### TASK TO COMPLETE
Transcribe the listing below exactly, leaving out each image.

### SOURCE DATA
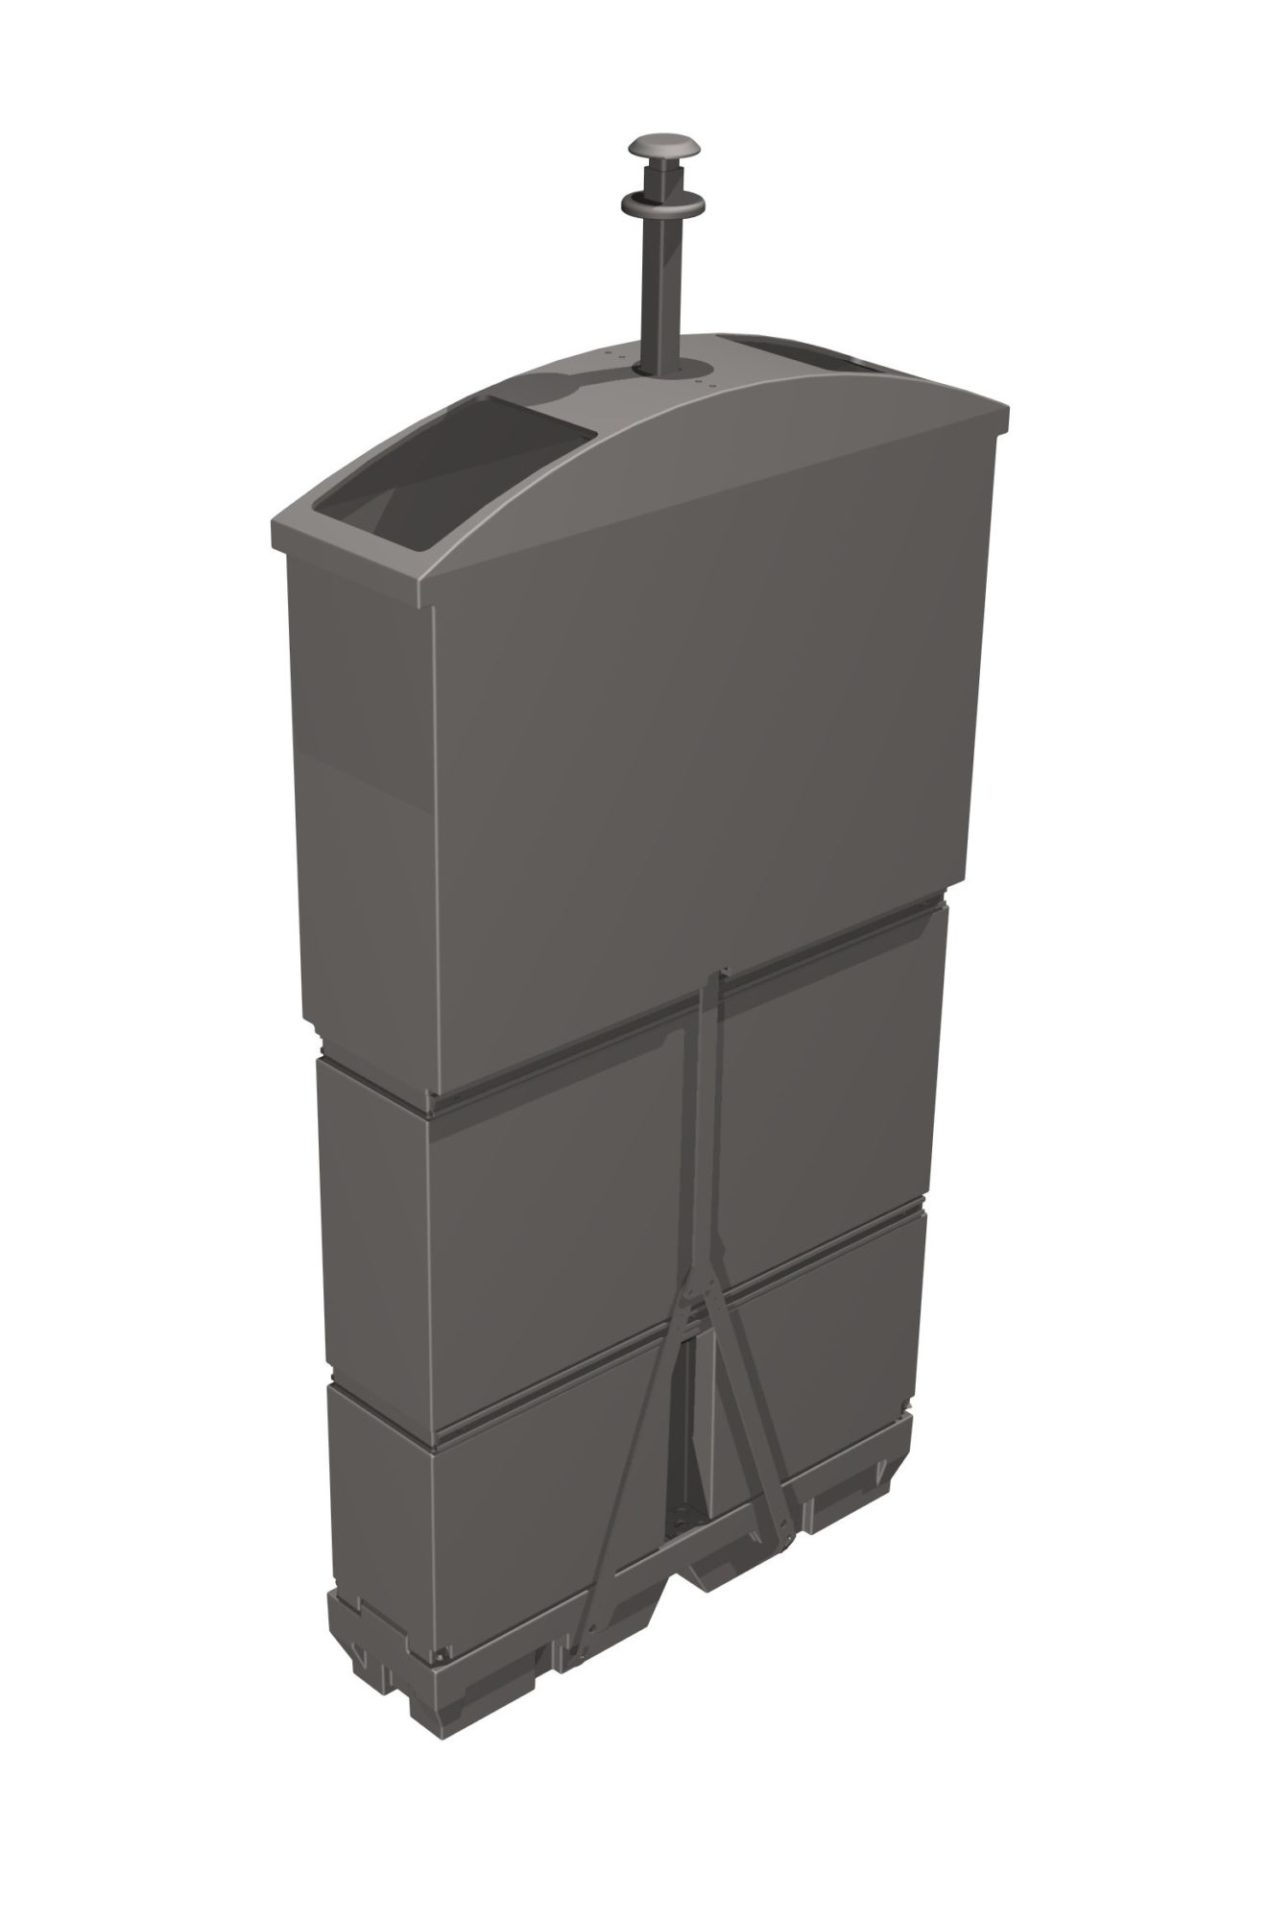 cuve pour déchets verts 1000 litres
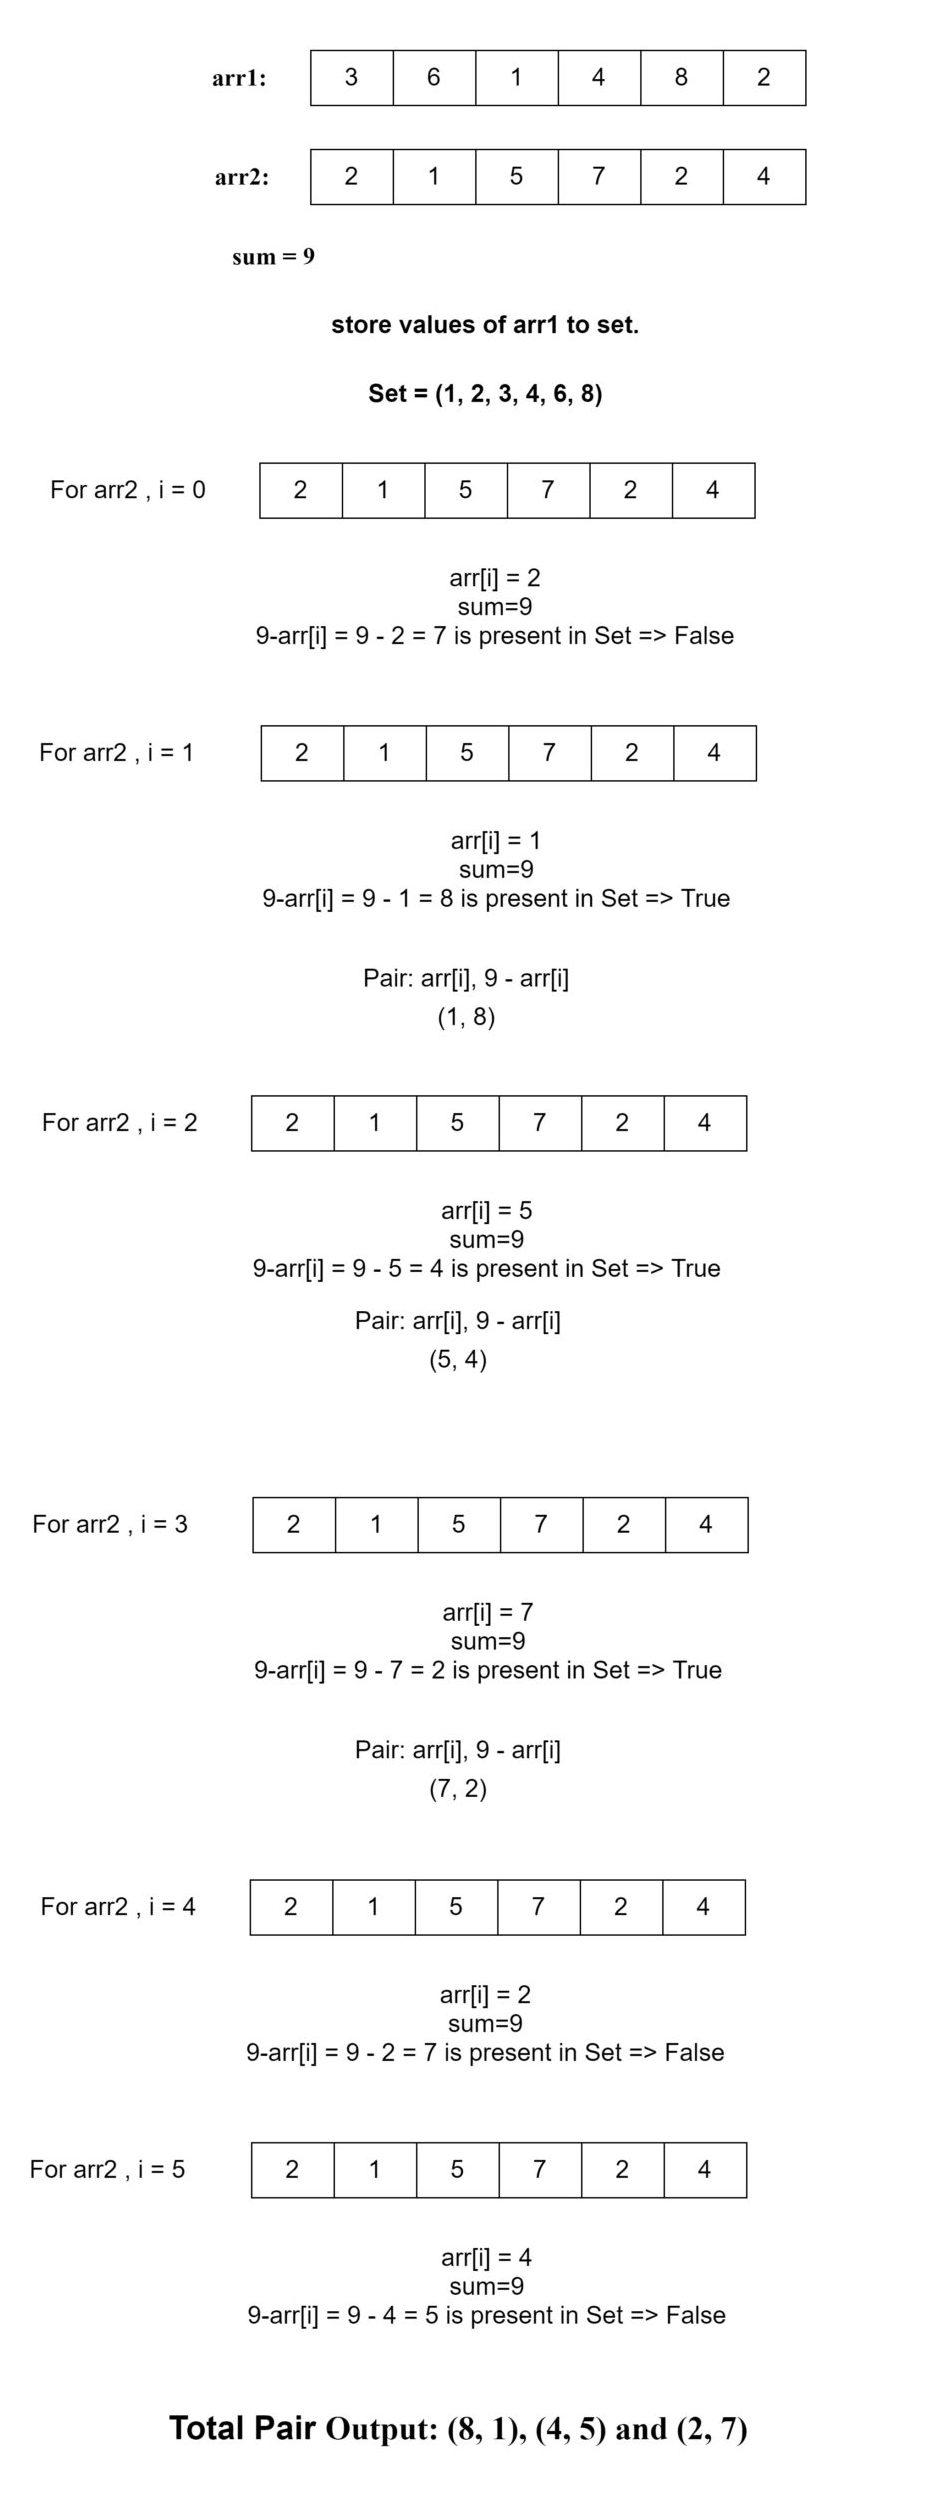 دو غیر ترتیب شدہ صفوں کو دیئے گئے ، وہ تمام جوڑے تلاش کریں جن کا مجموعہ x ہو
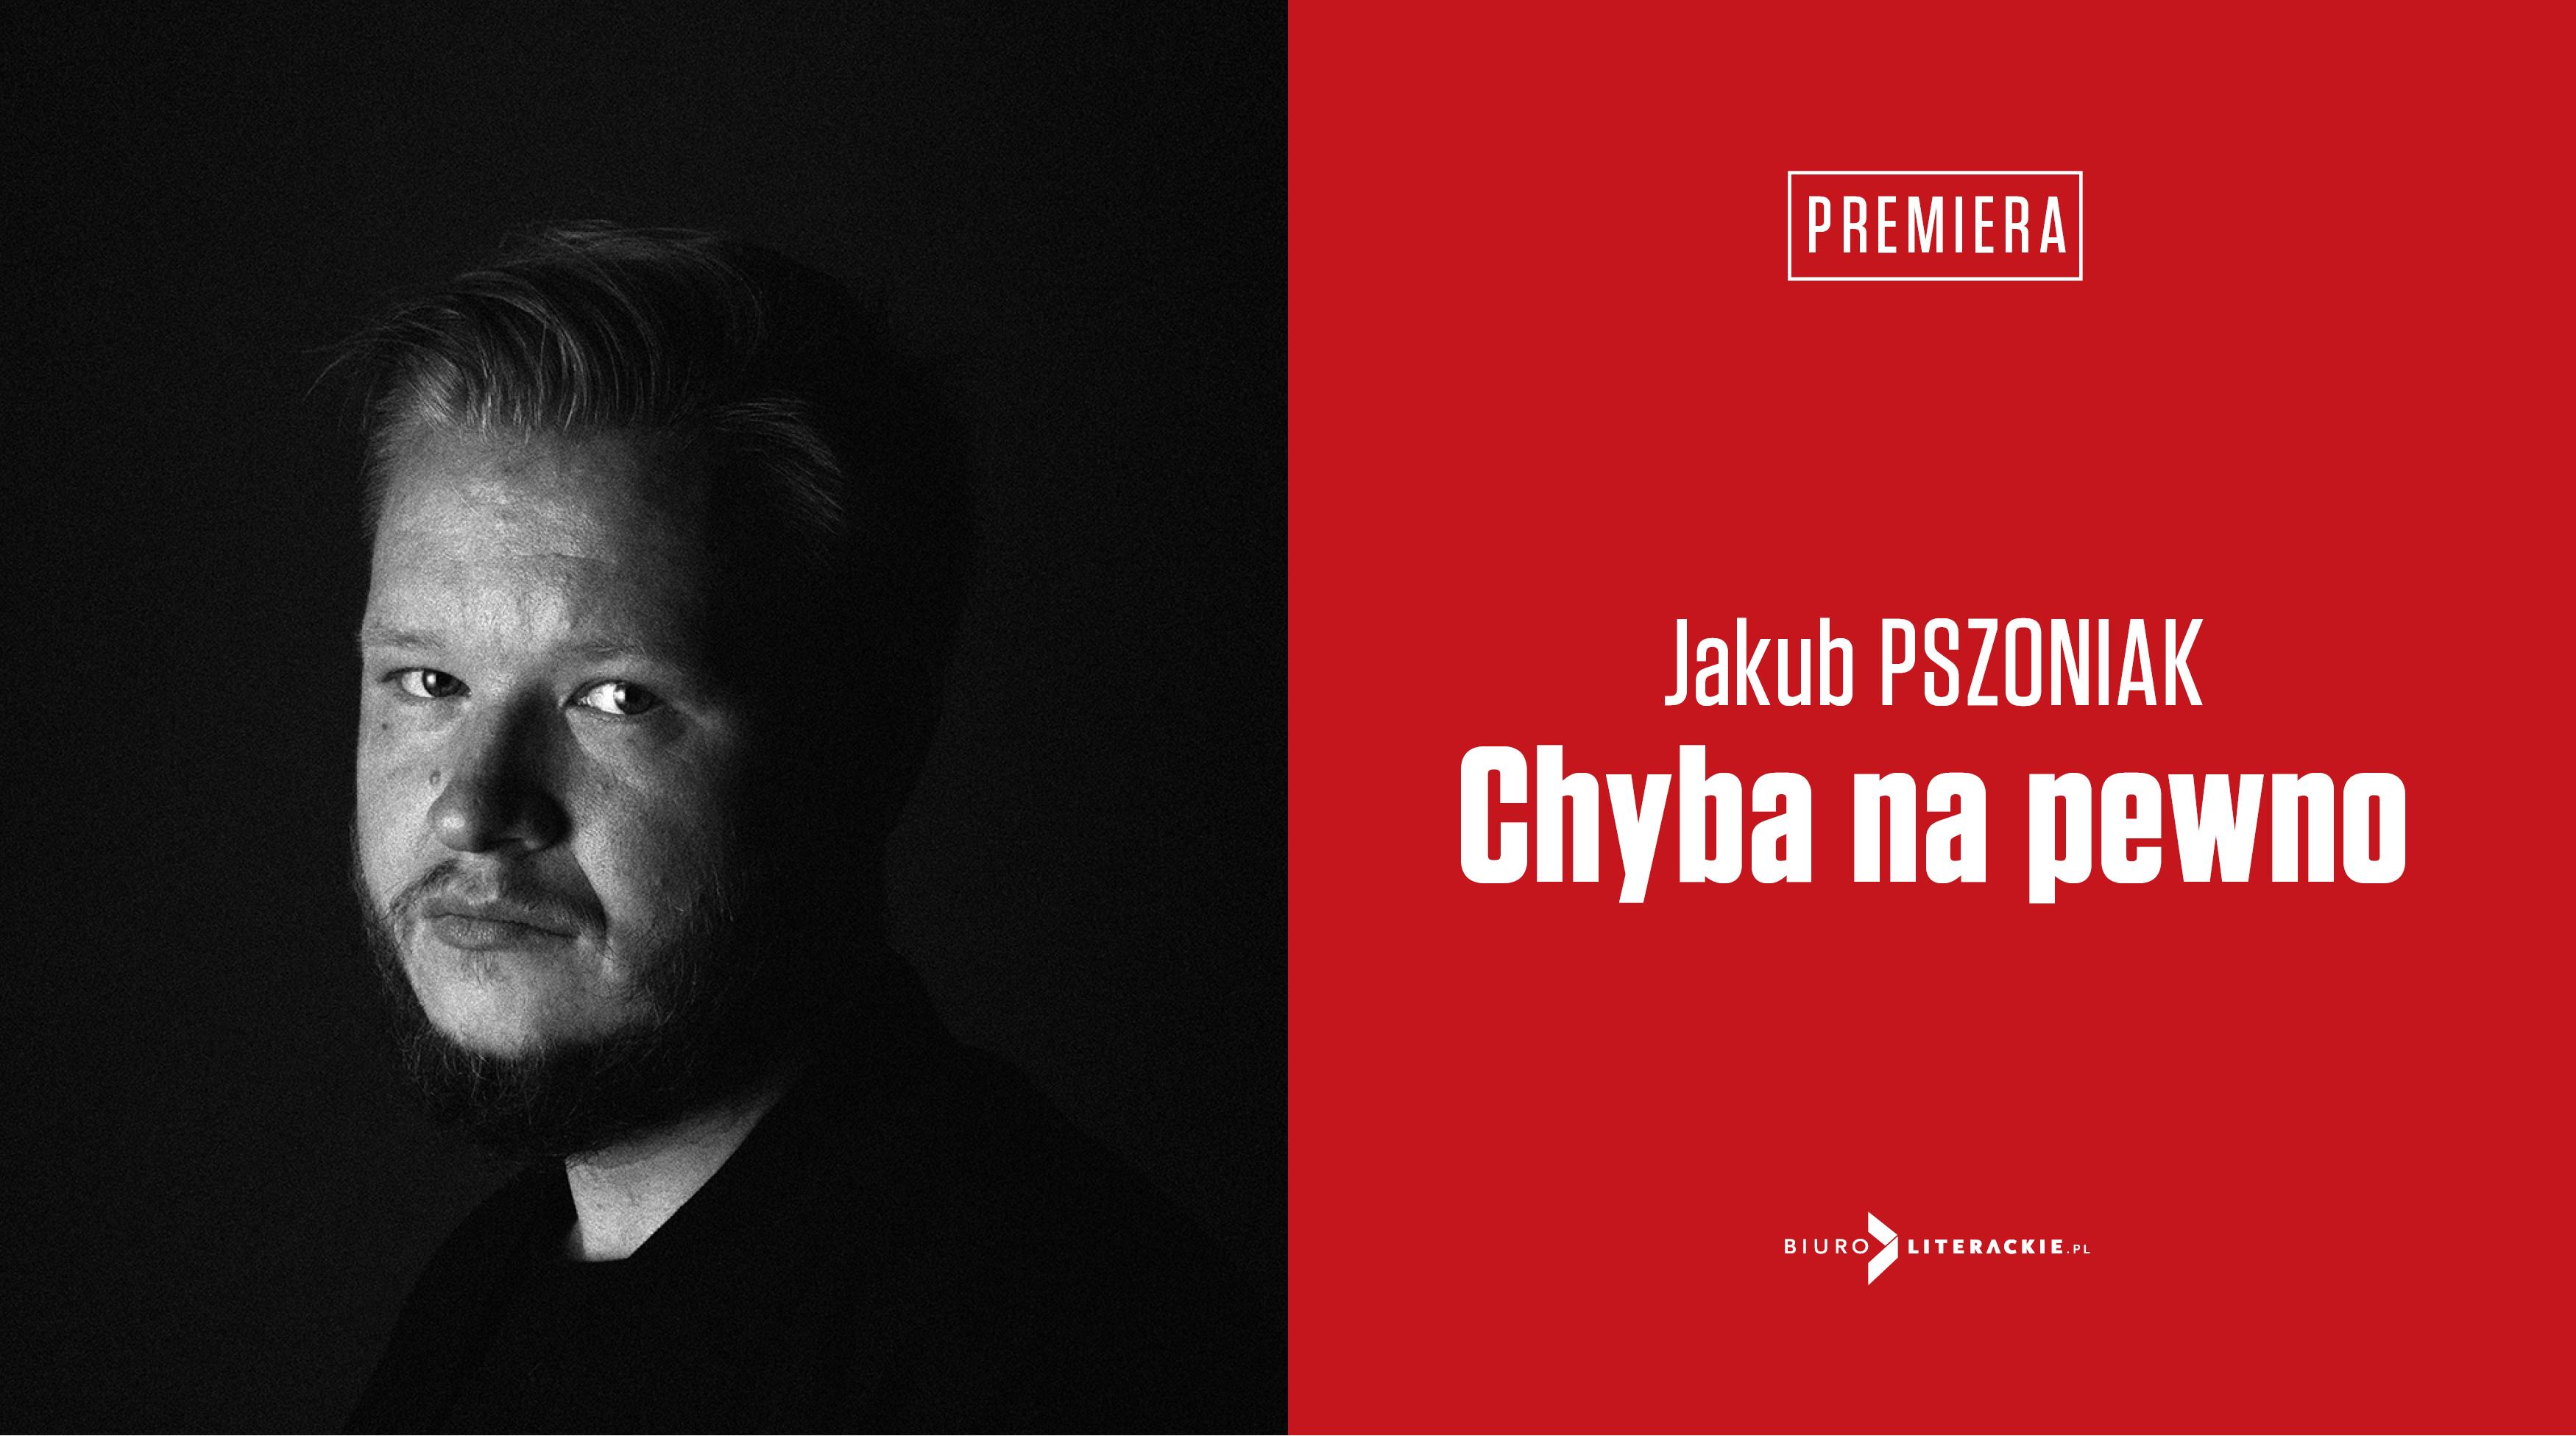 BL Img 2019.04.01 Jakub PSZONIAK Chyba na pewno__www_top

### FINISHED EXERCISE
 cuve pour déchets verts 1000 litres
 دو غیر ترتیب شدہ صفوں کو دیئے گئے ، وہ تمام جوڑے تلاش کریں جن کا مجموعہ x ہو
 BL Img 2019.04.01 Jakub PSZONIAK Chyba na pewno__www_top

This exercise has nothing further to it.